Roeffel S, Bracke F, Meijer A, Van Gelder B, Van Dantzig JM, Botman CJ, Peels K.

Pacing Clin Electrophysiol. 2002;25:1583-6.

Abstract
Chronically implanted ventricular pacing and defibrillator (ICD) leads can adhere to the tricuspid valve. This study examined the effect of lead extraction, and laser sheath extraction in particular, on tricuspid valve regurgitation. Lead extraction was first tried with traction using limited force followed by a laser sheath if not successful.

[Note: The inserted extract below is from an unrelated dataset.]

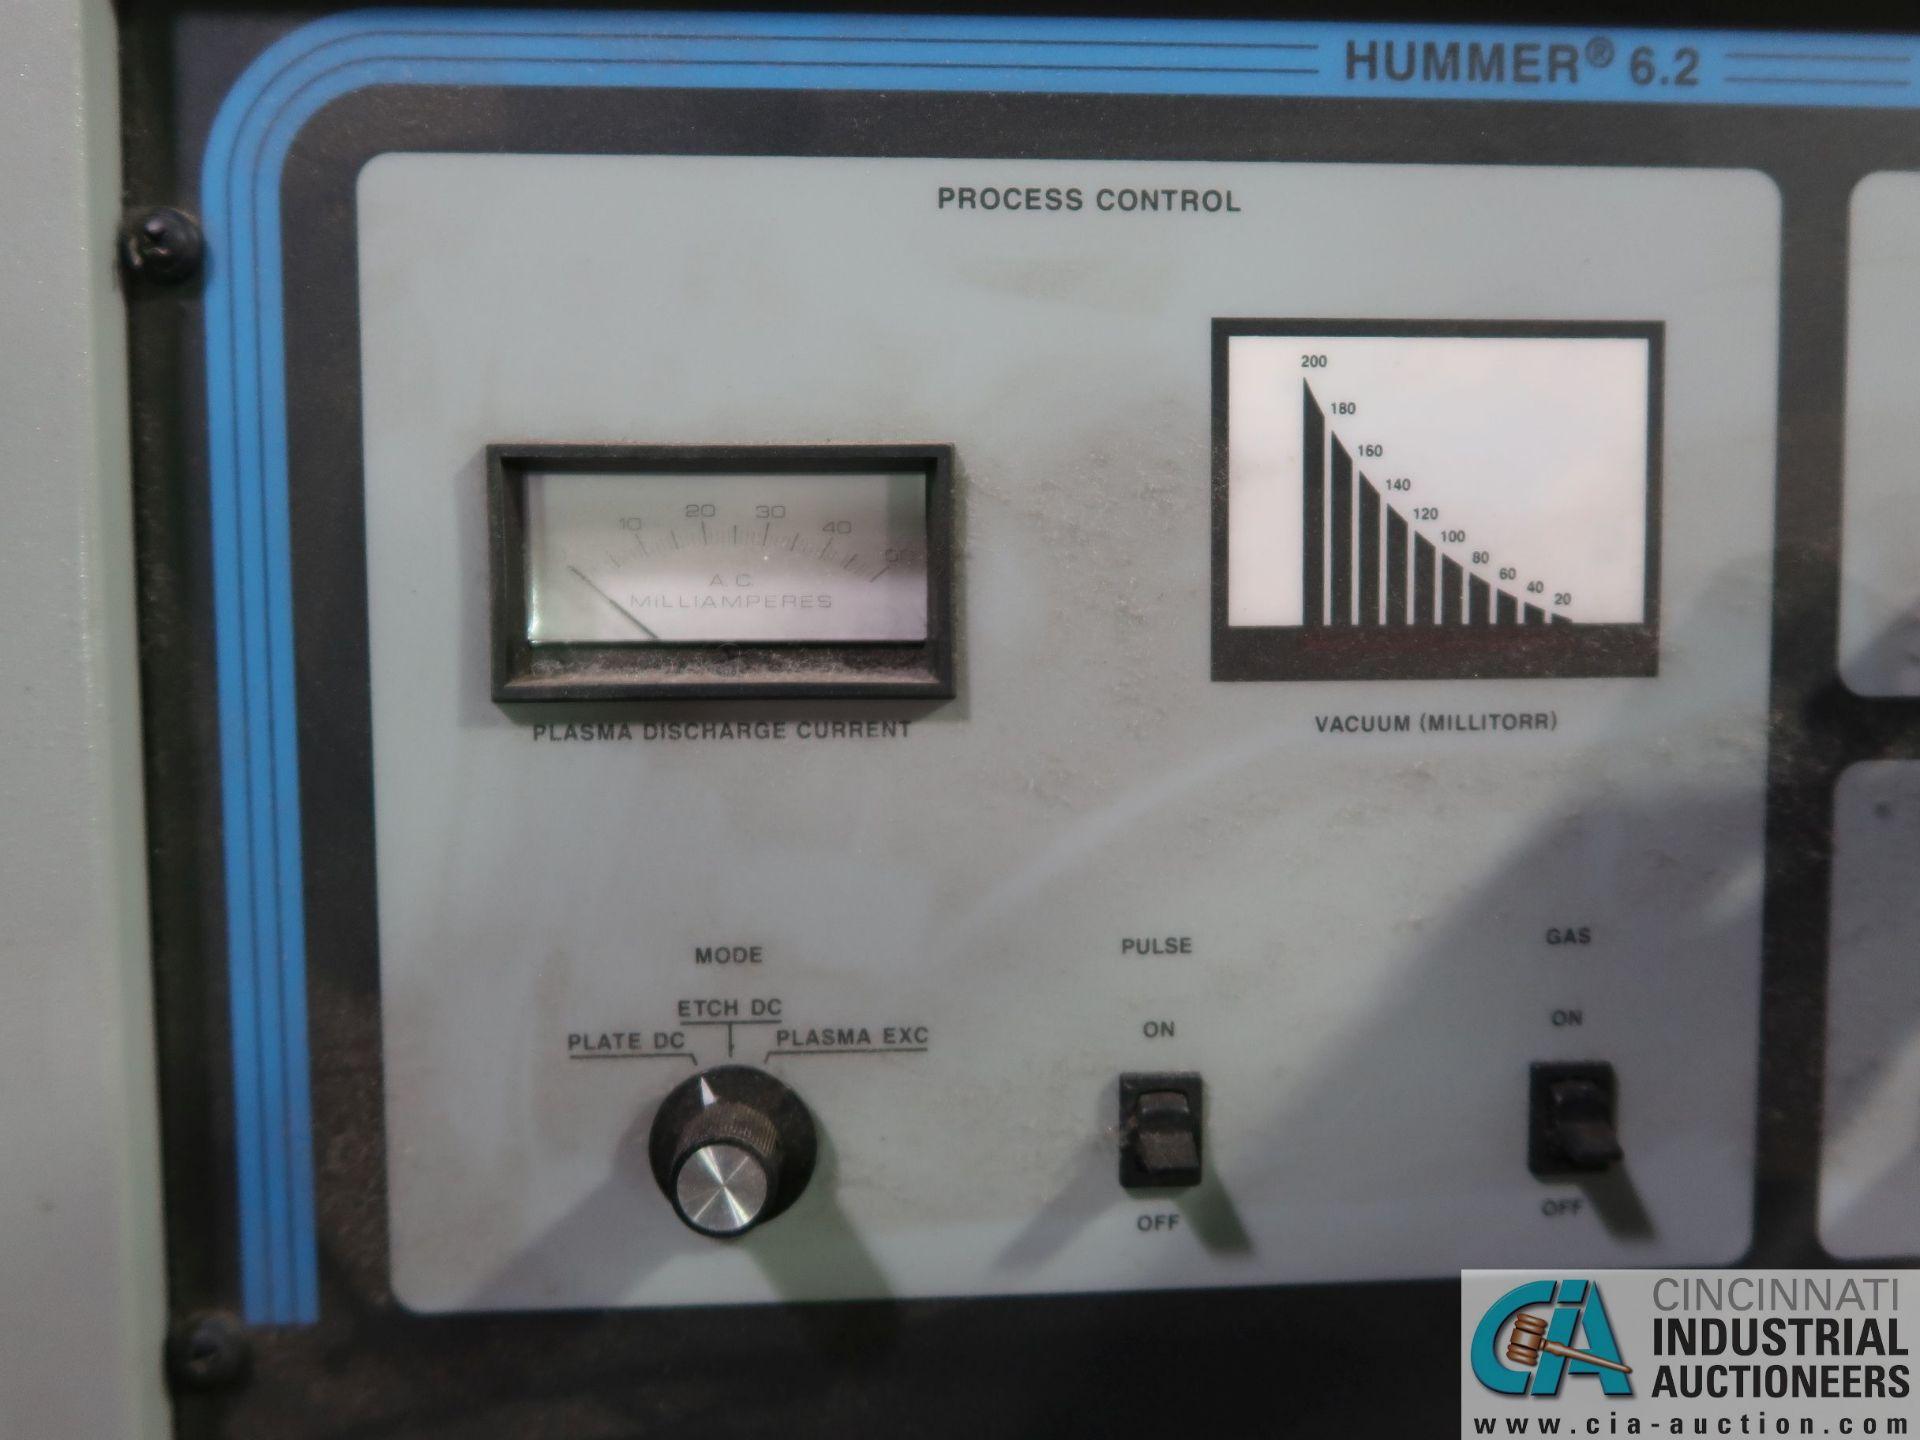 Lot 53 - ANATECH MODEL HUMMER 6.2+B62 SPUTTER COATING MACHINE; S/N 1021121

Tricuspid valve regurgitation before and after extraction was evaluated with transesophageal echocardiography and graded from 0 (none) to 4 (severe). A change in regurgitation was considered clinically relevant if it increased with two grades or more and resulted in at least grade 3 regurgitation. Fifty ventricular leads were extracted in 43 consecutive patients, including 14 ICD leads. In 20 patients (group I) leads were removed without a (laser) sheath crossing the tricuspid valve, in 23 patients (group II) leads were extracted with lasing across the valve. The mean time from implant was 43 +/- 43 months and 99 +/- 78 months, respectively, (P = 0.007). Tricuspid regurgitation increased in five (12%) patients. In group I only in one patient the laser failed proximal of the valve and forceful traction was subsequently used, and in group II this occurred in four (17%) patients. This difference did not reach statistical significance even excluding the patient from group I (P = 0.111). The increase of tricuspid regurgitation cautions against indiscriminate extraction of superfluous leads. There is a trend that when tools like a laser sheath are necessary the chance of tricuspid valve damage increases.